• Dataset content:
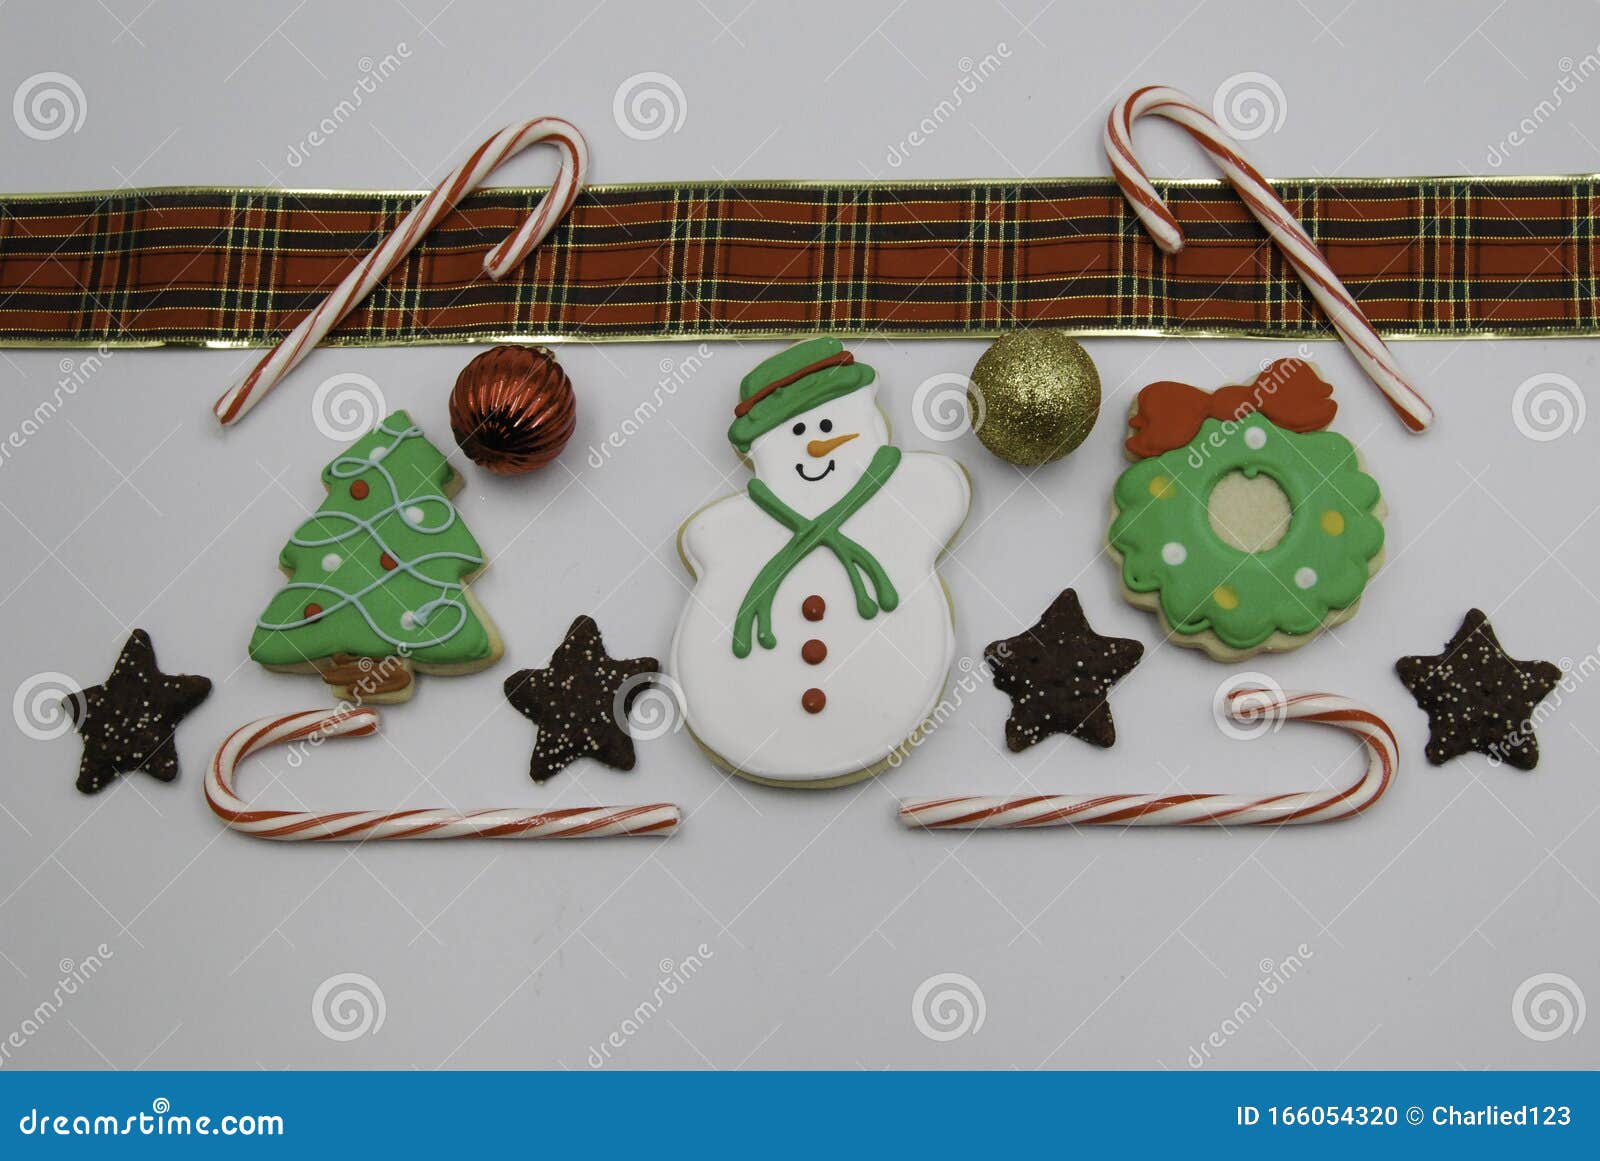 Cookies Navideños Decorados Con Latas De Caramelo Y Decoraciones Navideñas,  En Blanco Foto de archivo - Imagen de pascua, objeto: 166054320
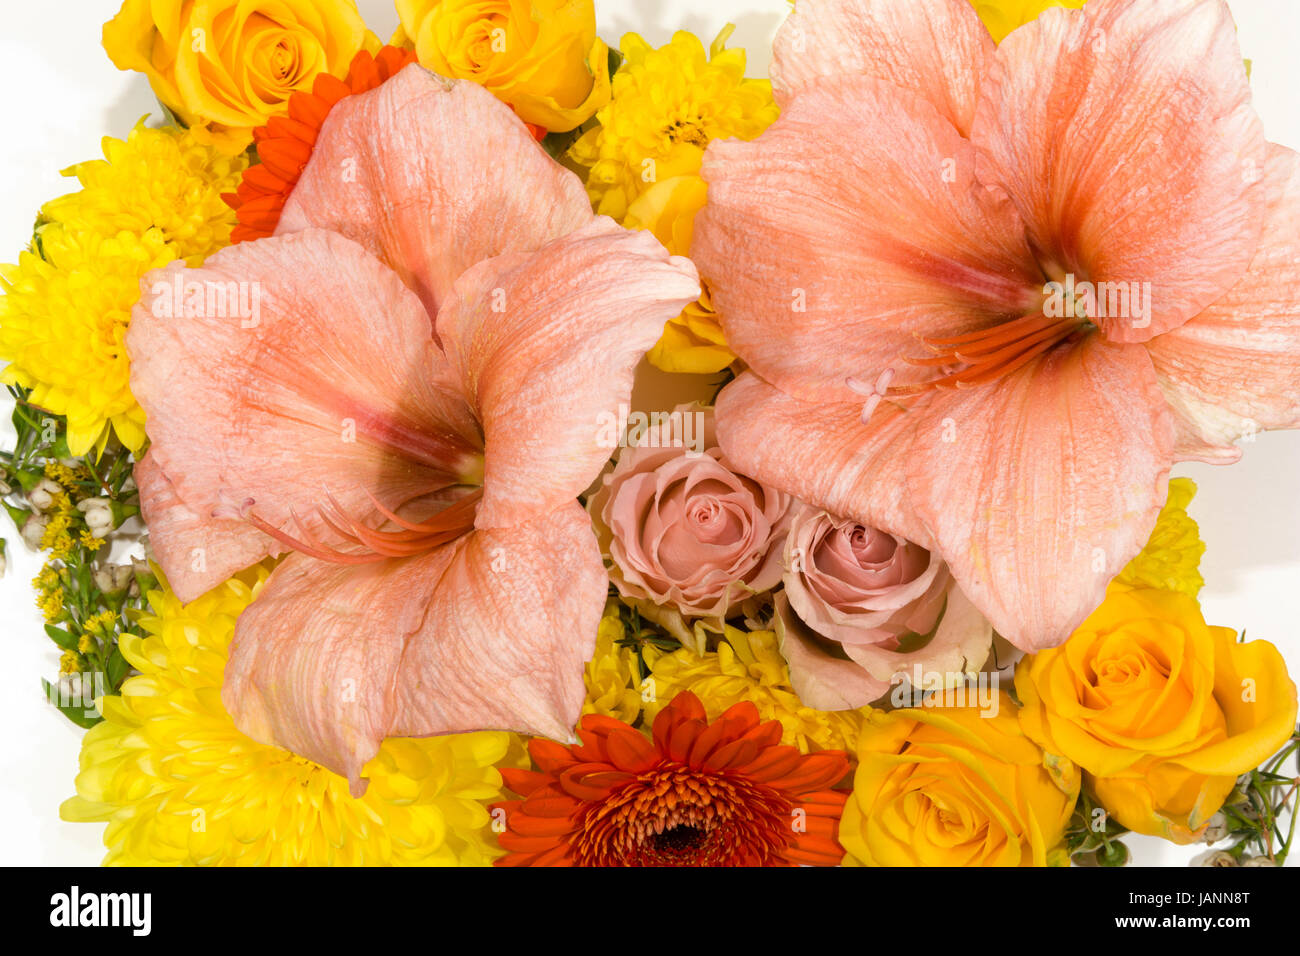 Einzelne Blüten, Rosen, Amaryllis, Chrysanthemen als Blütenteppich Stock Photo
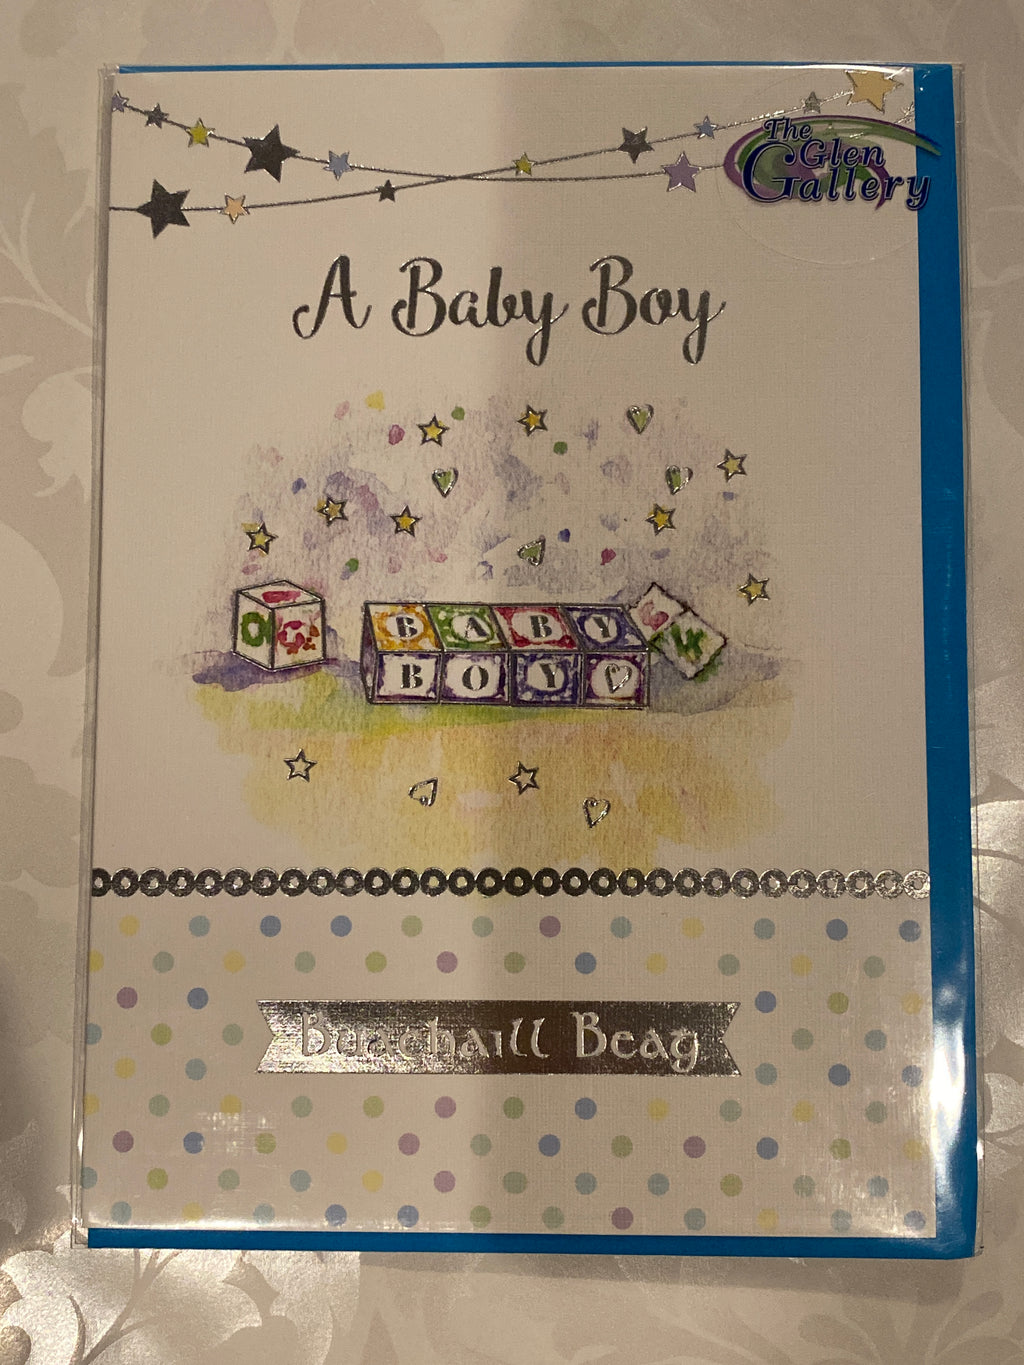 A baby boy greeting card

• What you will do: One exact copy of the data is required, and it should hold no pictures.

• Answer area:
 Cookies Navideños Decorados Con Latas De Caramelo Y Decoraciones Navideñas,  En Blanco Foto de archivo - Imagen de pascua, objeto: 166054320
 Einzelne Blüten, Rosen, Amaryllis, Chrysanthemen als Blütenteppich Stock Photo
 A baby boy greeting card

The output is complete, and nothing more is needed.